Hello all,

I'd really appreciate your help with this dilemma...

I am setting up a dedicated web server for a fairly major online business. I have looked at my options and due to budget constraints I think I will have to choose between:

1) A server from a good company (such as Dedipower) with good support but no separate hardware firewall. I think I can get this for around £80 ($120) per month.
2) A server from a cheaper company (probably 1and1) with external hardware firewall. This would be around £80 ($120) per month including the firewall and lots of other freebies such as SSL certificates. I have heard bad things about 1and1 but their offers are hard to resist...
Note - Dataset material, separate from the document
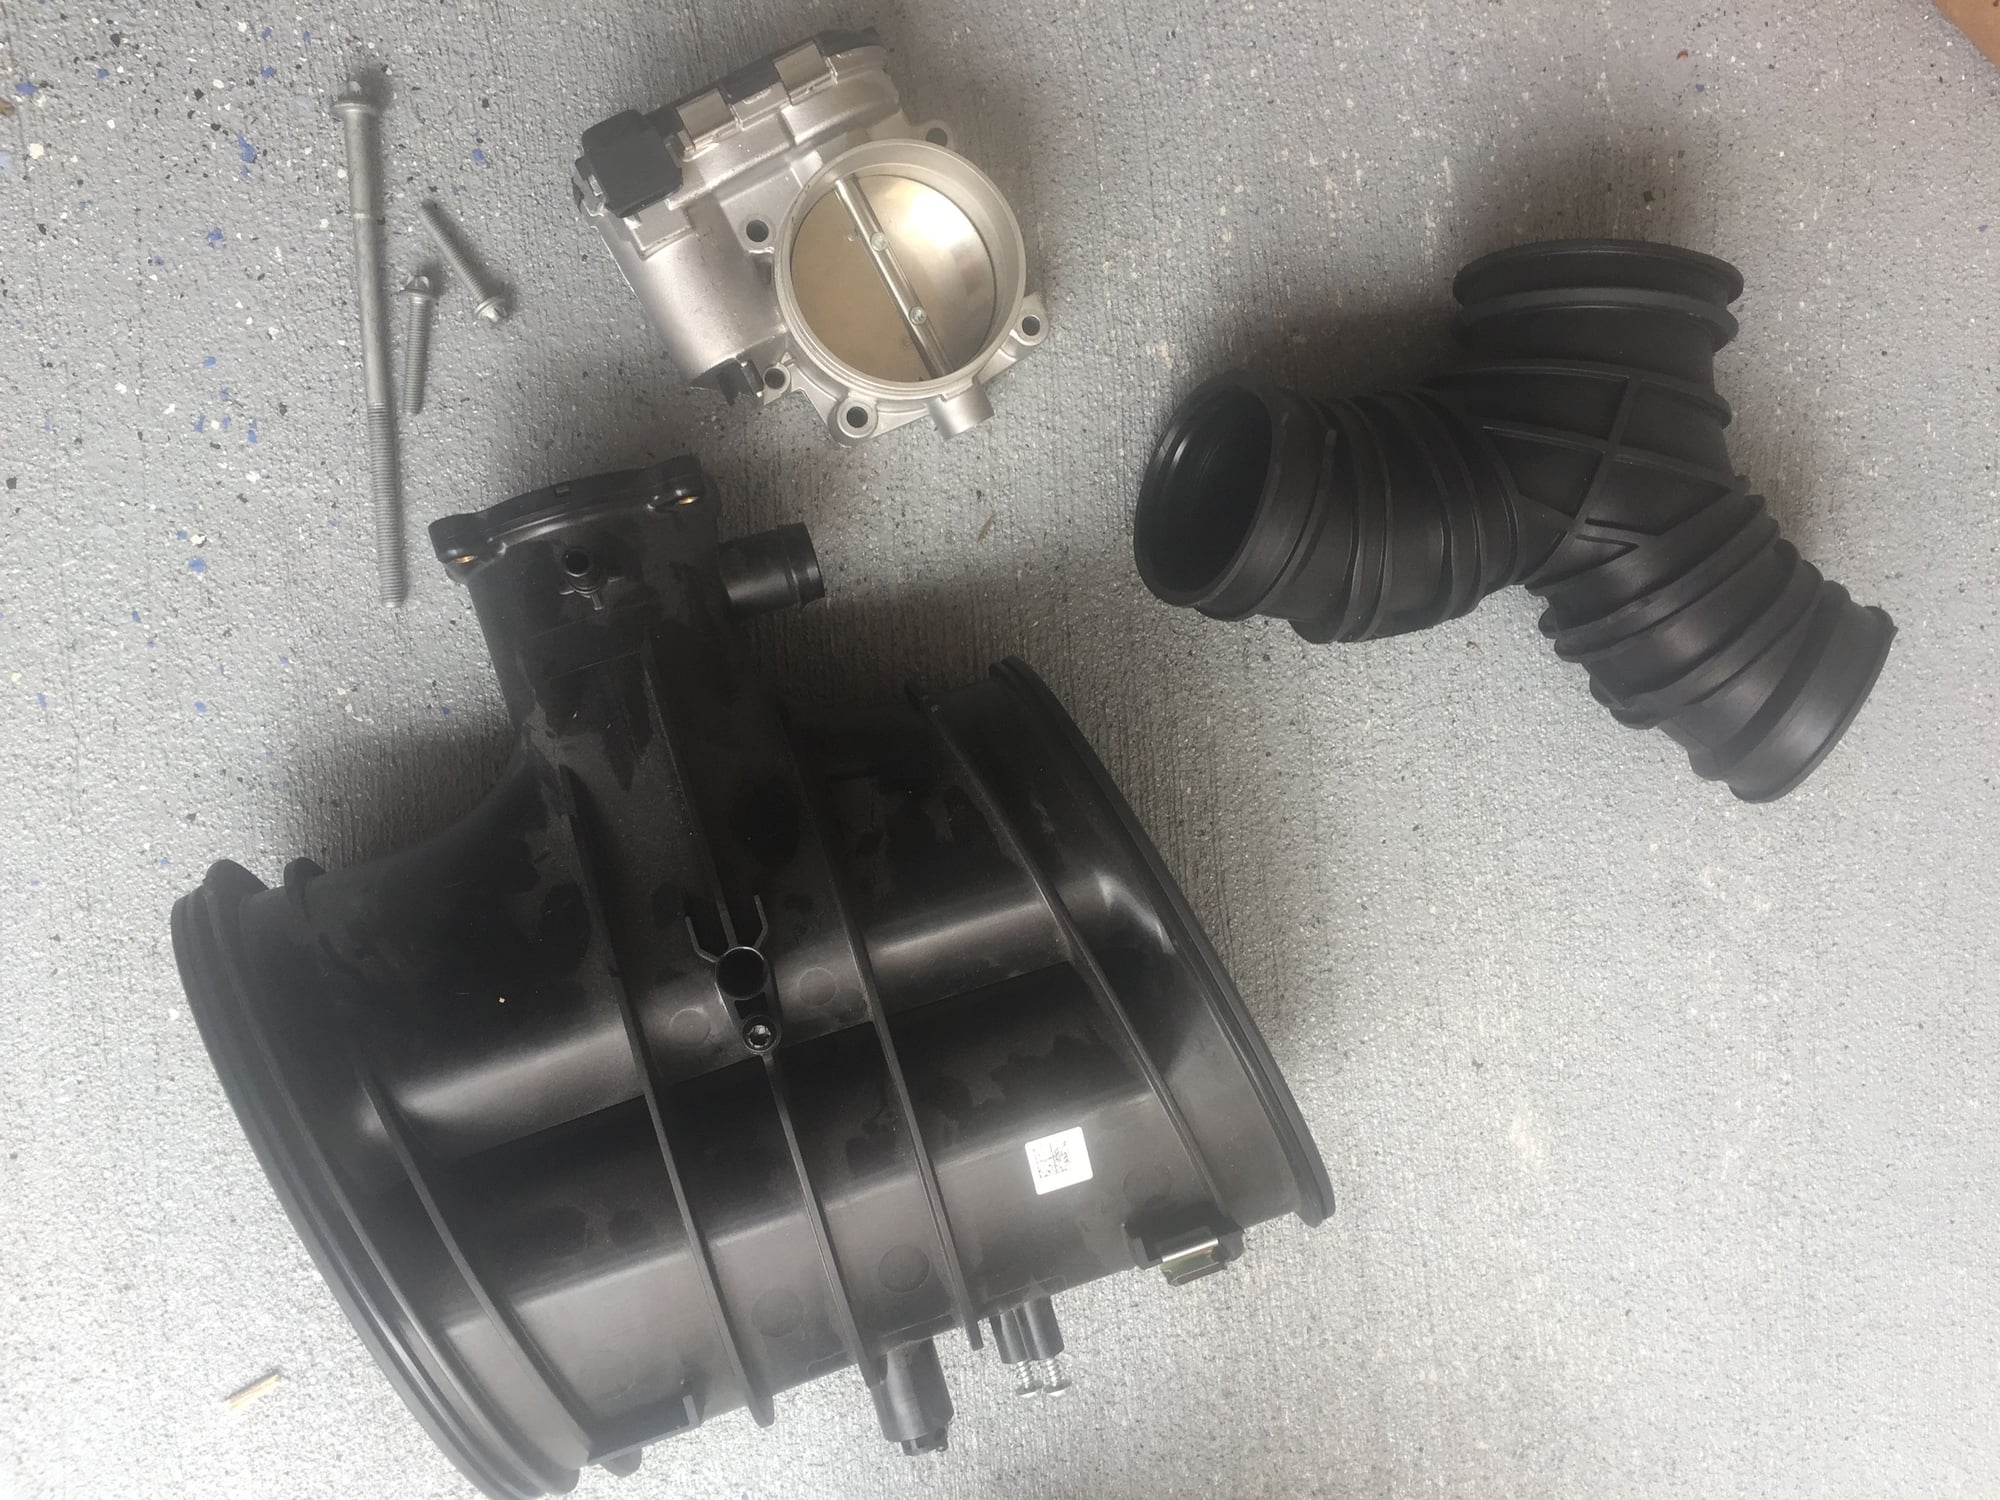 Engine - Intake/Fuel - GT4 OEM Intake Plenum and Throttle Body - Used - 2016 Porsche Cayman GT4 - New York, NY 10177, United States
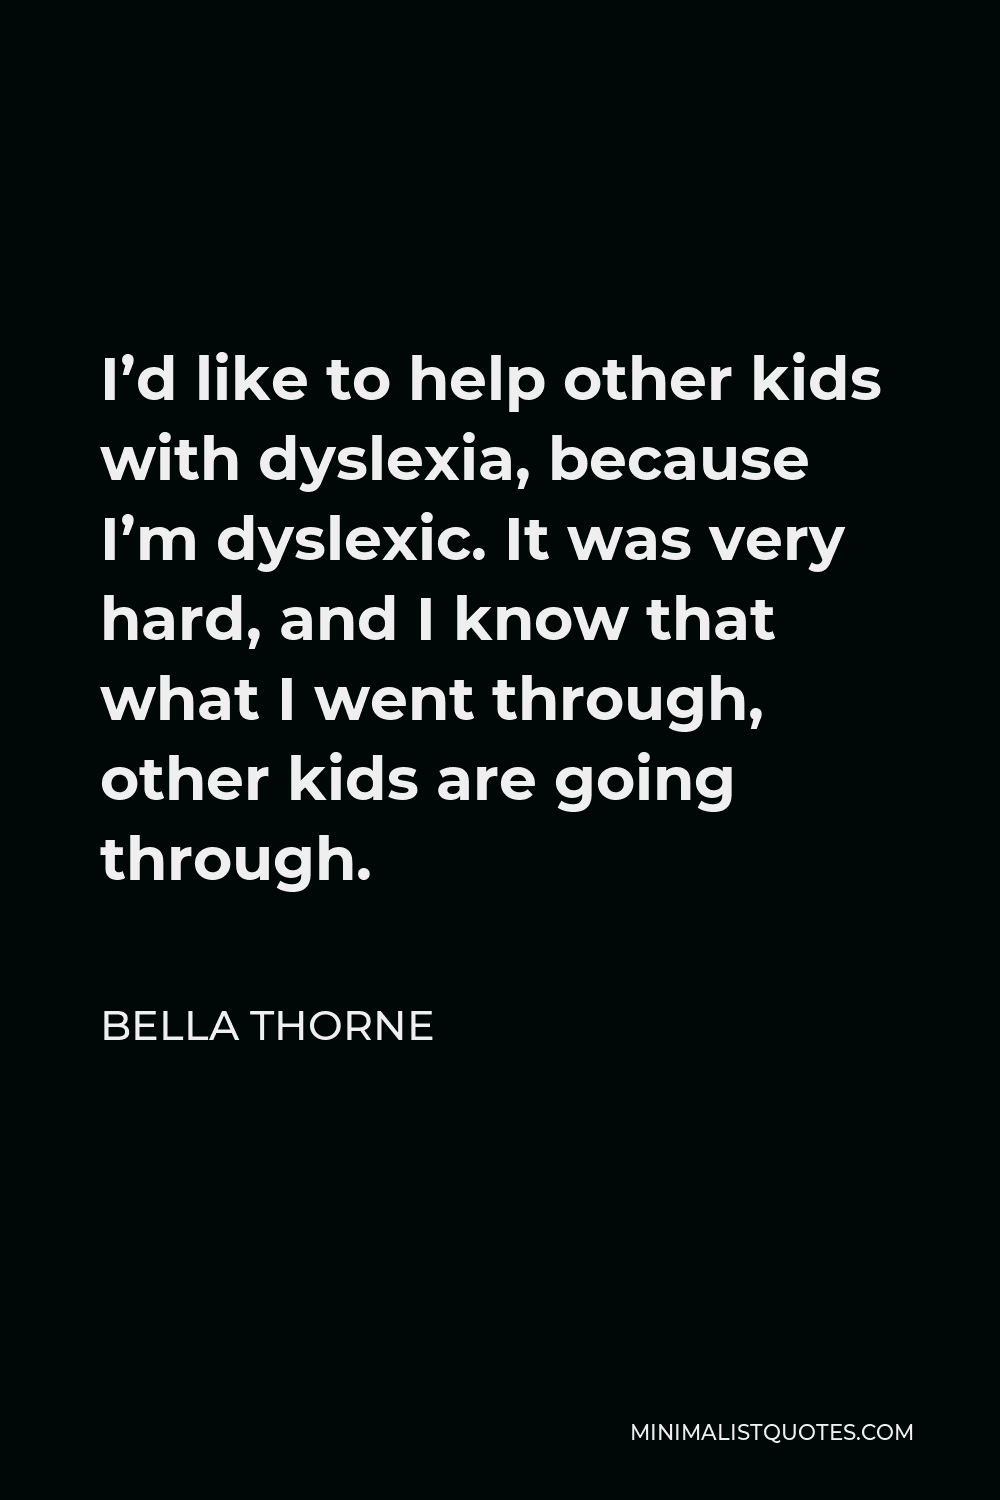 Bella Thorne Quote - I’d like to help other kids with dyslexia, because I’m dyslexic. It was very hard, and I know that what I went through, other kids are going through.

I guess my questions are really:
a) How important for security is an external hardware firewall? The web server would be a Bastille server with carefully configured iptables anyway.
b) Can anyone think of a good compromise? Are there any companies that offer good support and also hardware firewall, for around £80-90 ($120) per month.

Thanks for your help.

iptables is secure and stable. Don't think you need an hardware firewall. If you configure iptables really carefully, then you will not have any problems.

Go for the 1and1 option.

If your talking about off site dedicated hosted servers? then you wont need to bother with firewall etc, that will be taken care of for you by the hosting company

Depends what you mean by that. Every hosting company is going to have some kind of firewall between the wild Internet and your instance, but you won't necessarily be able to submit change requests for it. Usually the provider's firewall is wide-open to your IP by default, so it's not necessarily doing much good unless you have the ability to submit requests for the rules that are deployed.

That being said, if you really know how to configure a firewall properly (hint: most people who think they know how actually don't), then there really isn't much benefit to having a hardware firewall too.

Maybe if the firewall was a beefy enterprise-grade box it would offer some extras beyond what Netfilter can do (due to in-hardware handling of packets vs. strictly software), but what you're likely to get as a dedicated firewall is a branch-office type box.